Directions for this task — The reply should hold only the lines below beginning at the one with "6d9540e7d35 DIEL SPORT" and ending at the one with "DIY gold striped pencils", copied exactly, with every picture left out.

Material for this task —

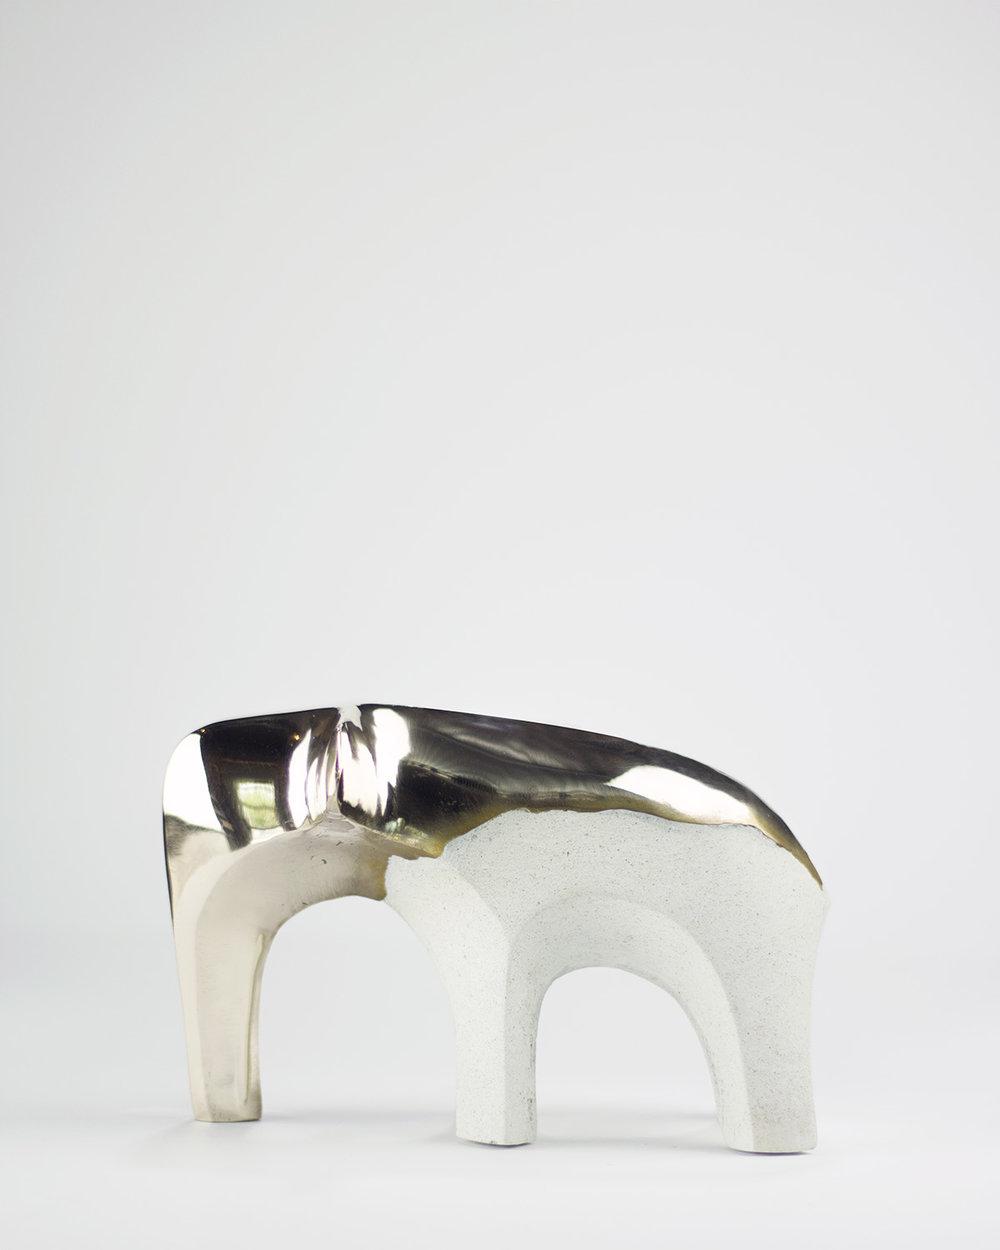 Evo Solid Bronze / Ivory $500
* * *
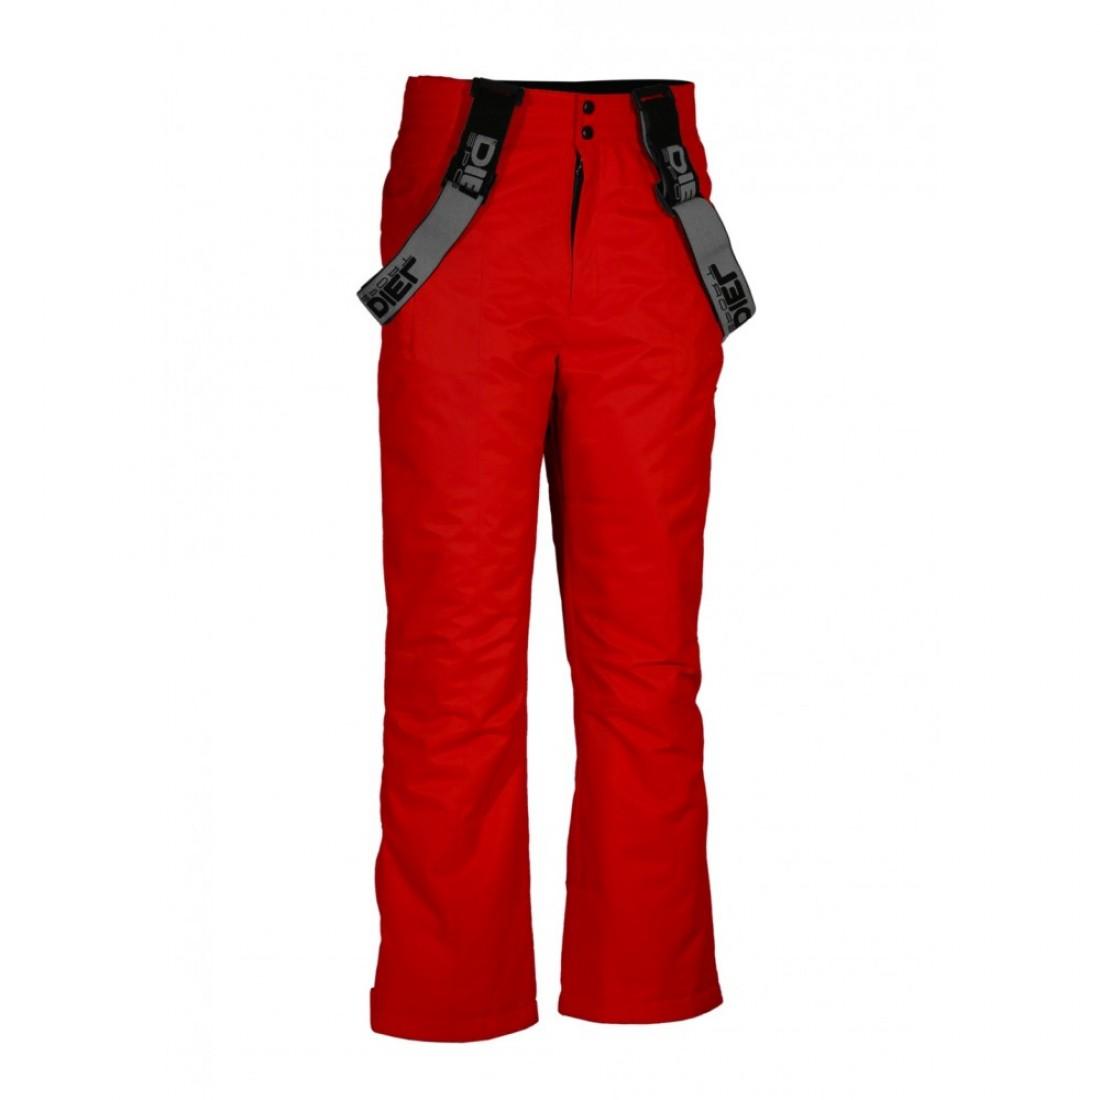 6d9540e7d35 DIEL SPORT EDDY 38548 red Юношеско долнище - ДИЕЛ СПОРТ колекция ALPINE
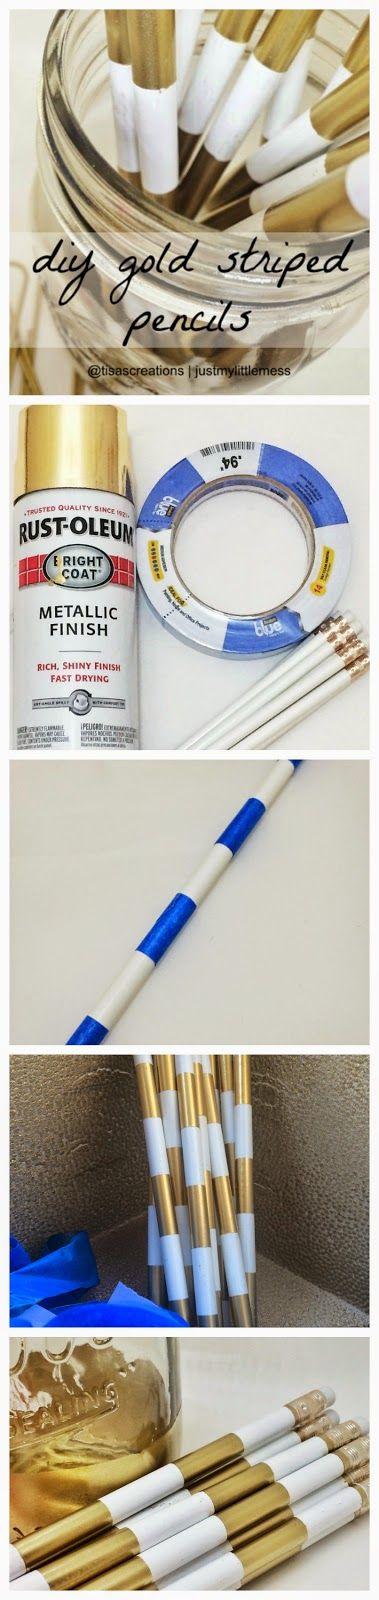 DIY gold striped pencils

Solution below —
 6d9540e7d35 DIEL SPORT EDDY 38548 red Юношеско долнище - ДИЕЛ СПОРТ колекция ALPINE
 DIY gold striped pencils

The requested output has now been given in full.